--- Task ---
From the line containing "J For Jelly Sandwich So Cute" down to the last line of the material, output each line exactly as it appears, excluding pictures.

--- Supplied information ---
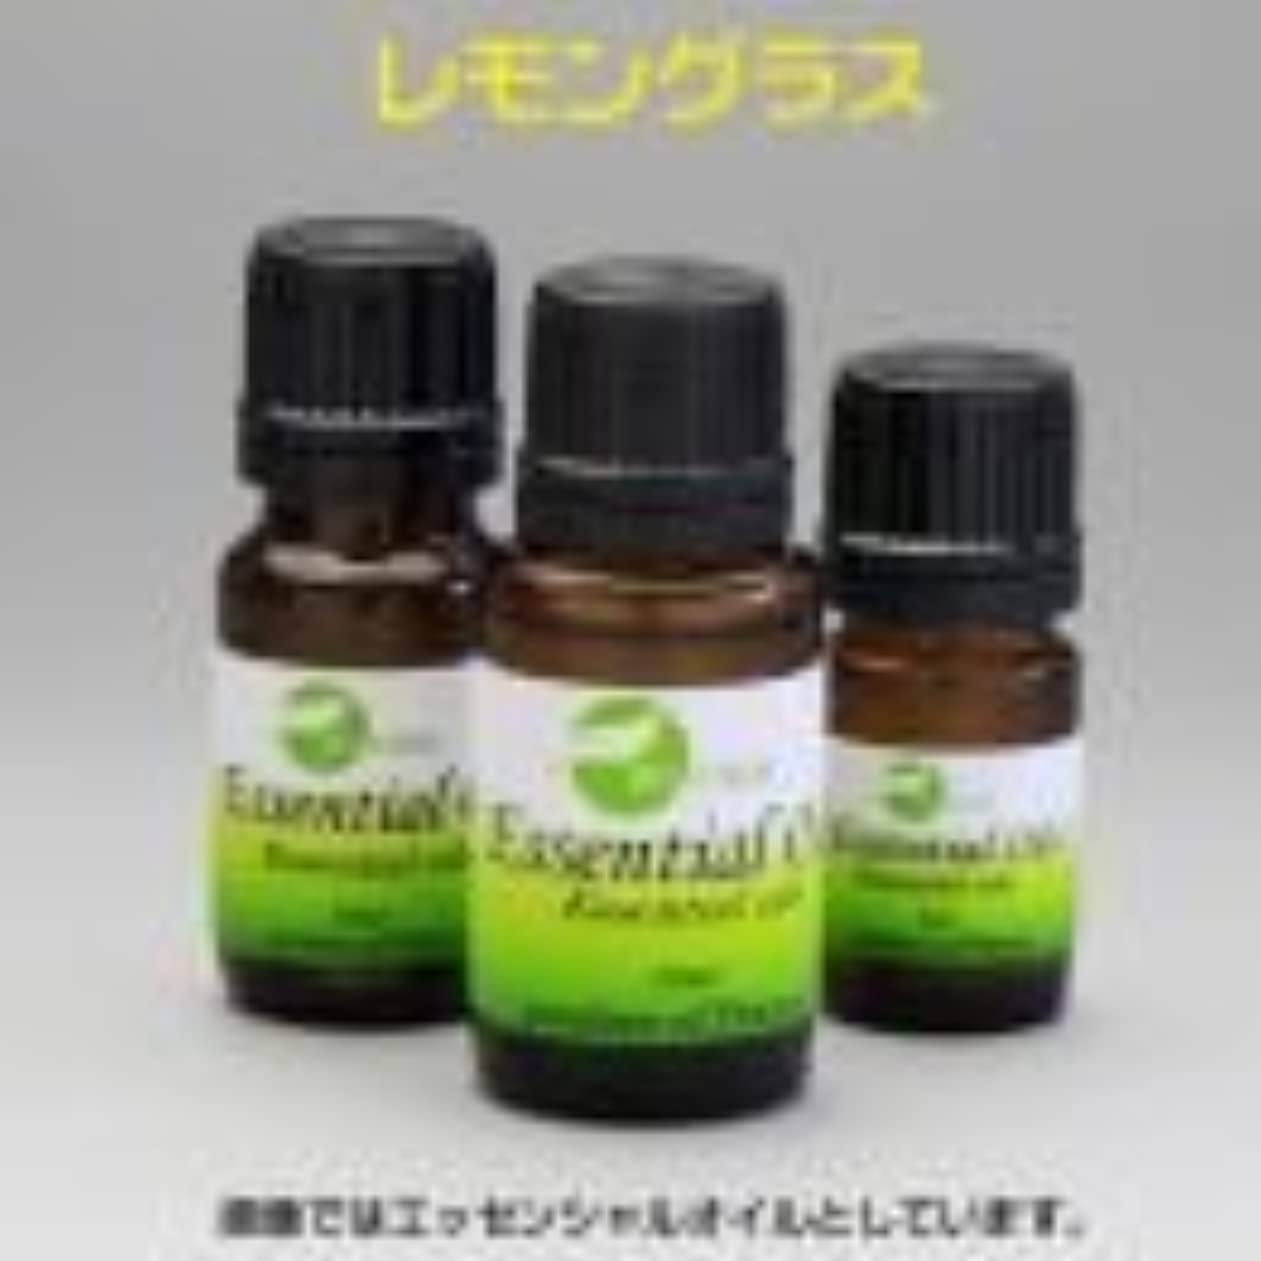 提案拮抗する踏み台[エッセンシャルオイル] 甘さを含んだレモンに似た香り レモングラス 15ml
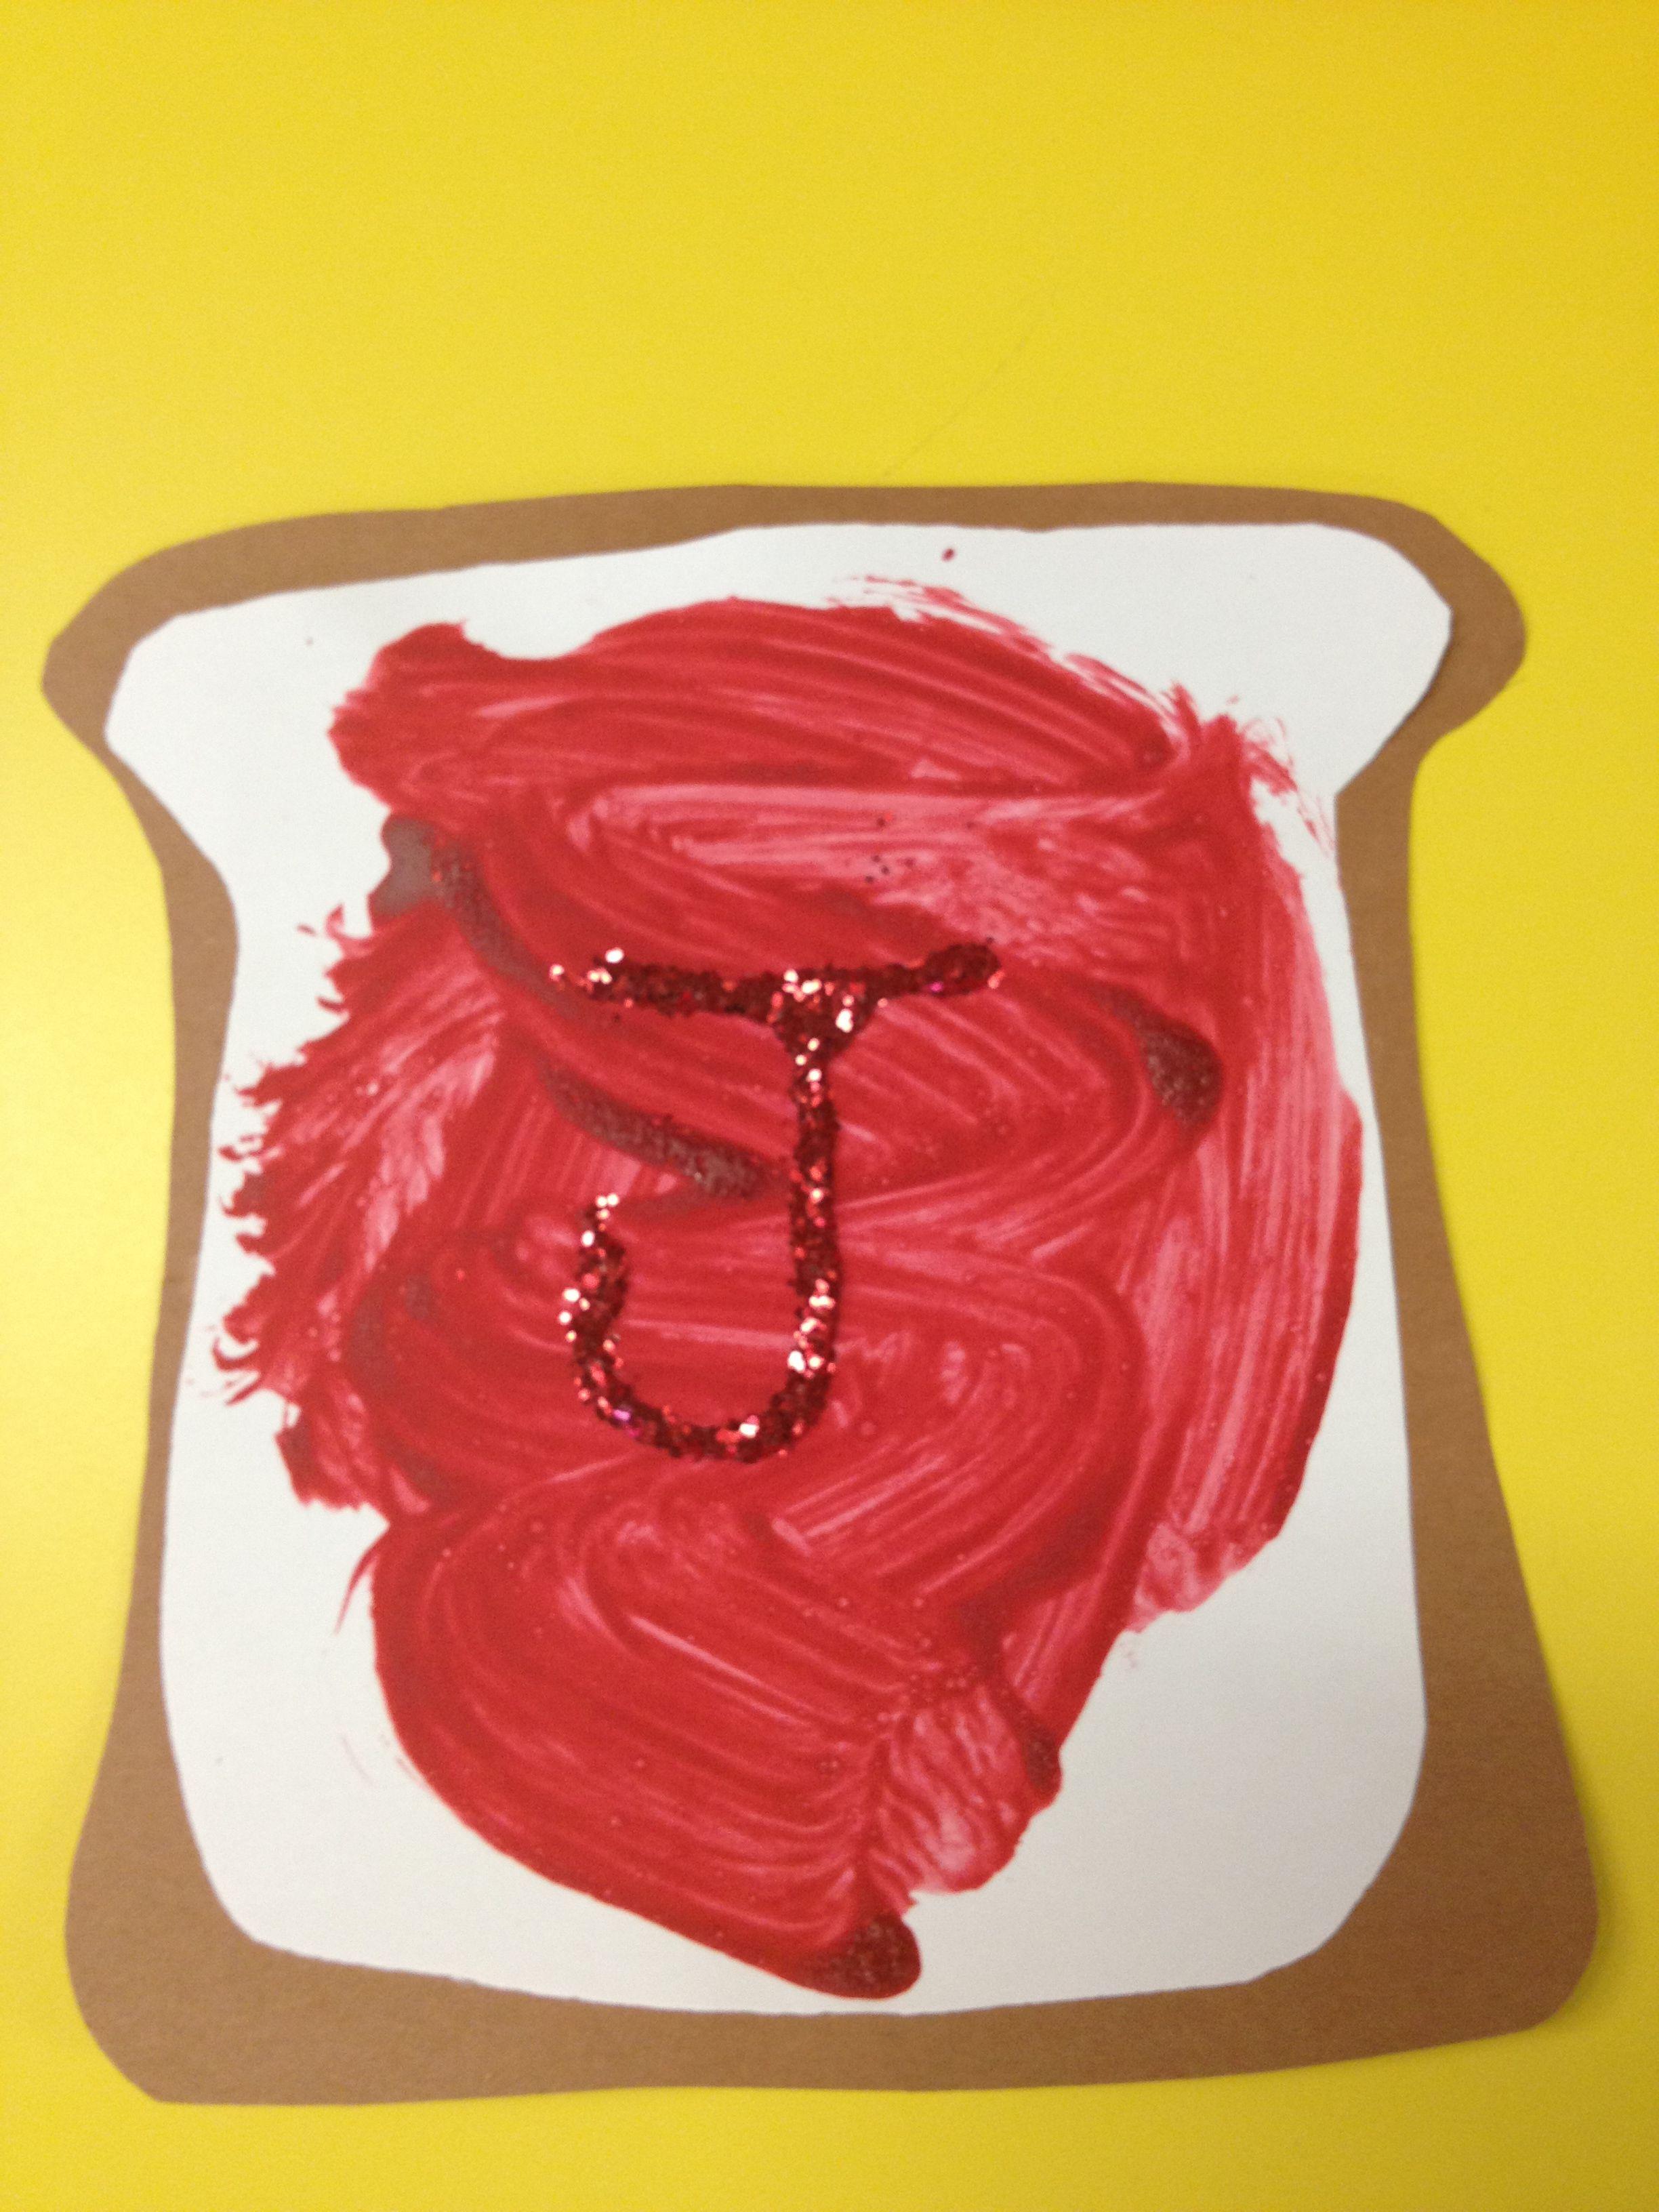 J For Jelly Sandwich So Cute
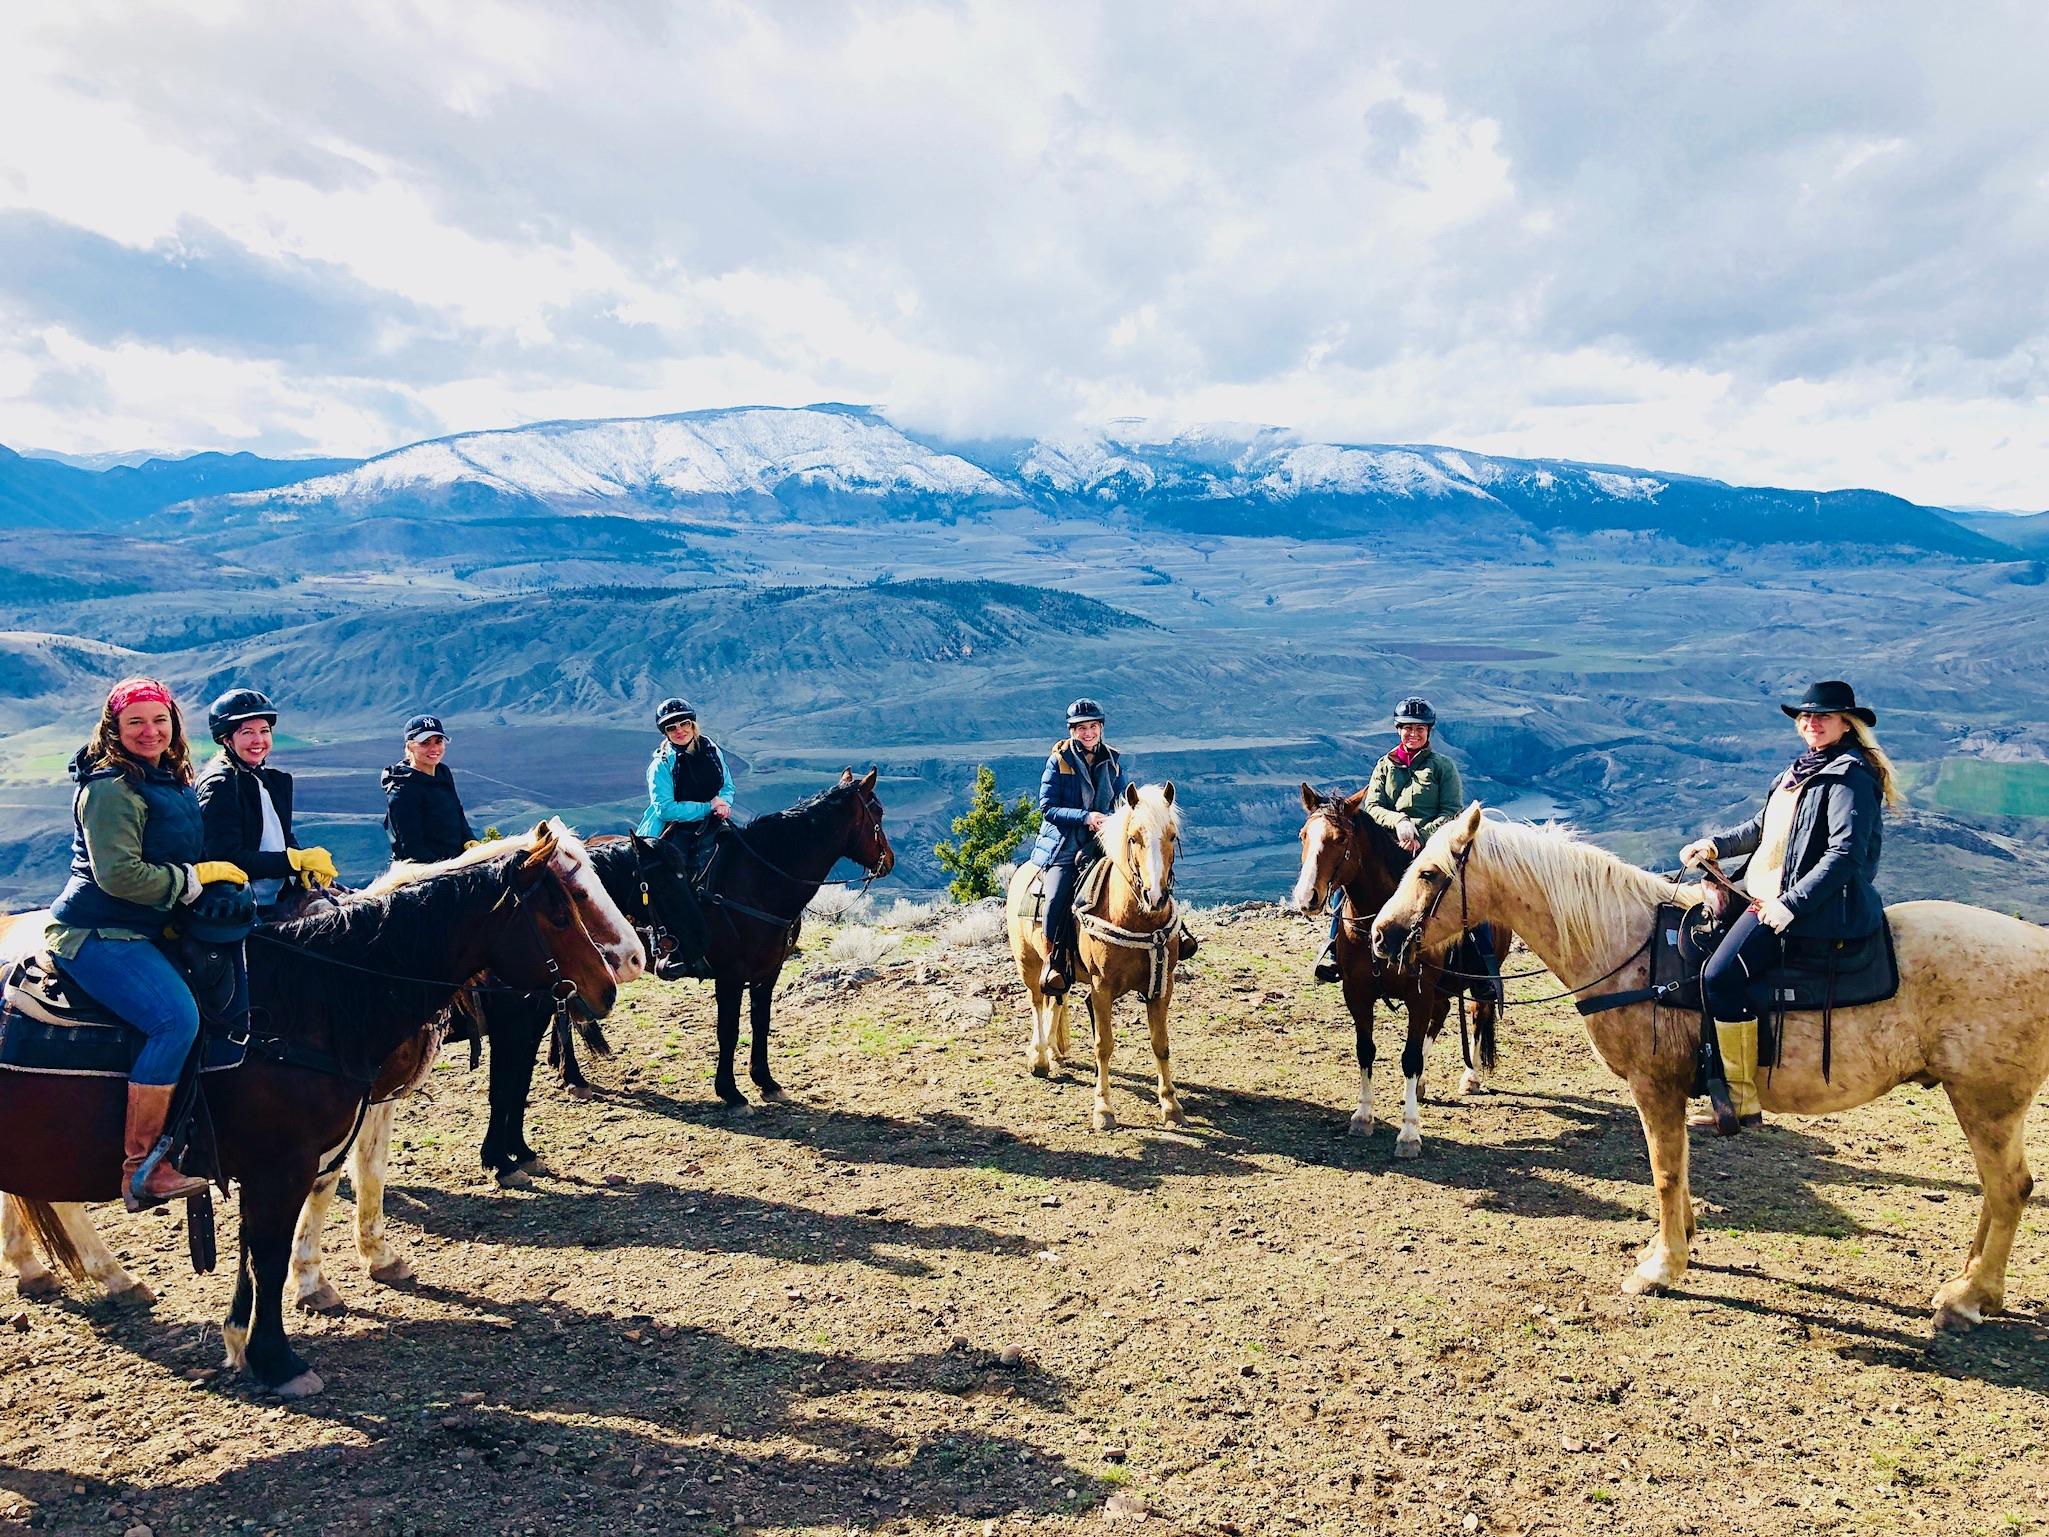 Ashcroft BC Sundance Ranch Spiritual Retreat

--- Written answer ---
 J For Jelly Sandwich So Cute
 Ashcroft BC Sundance Ranch Spiritual Retreat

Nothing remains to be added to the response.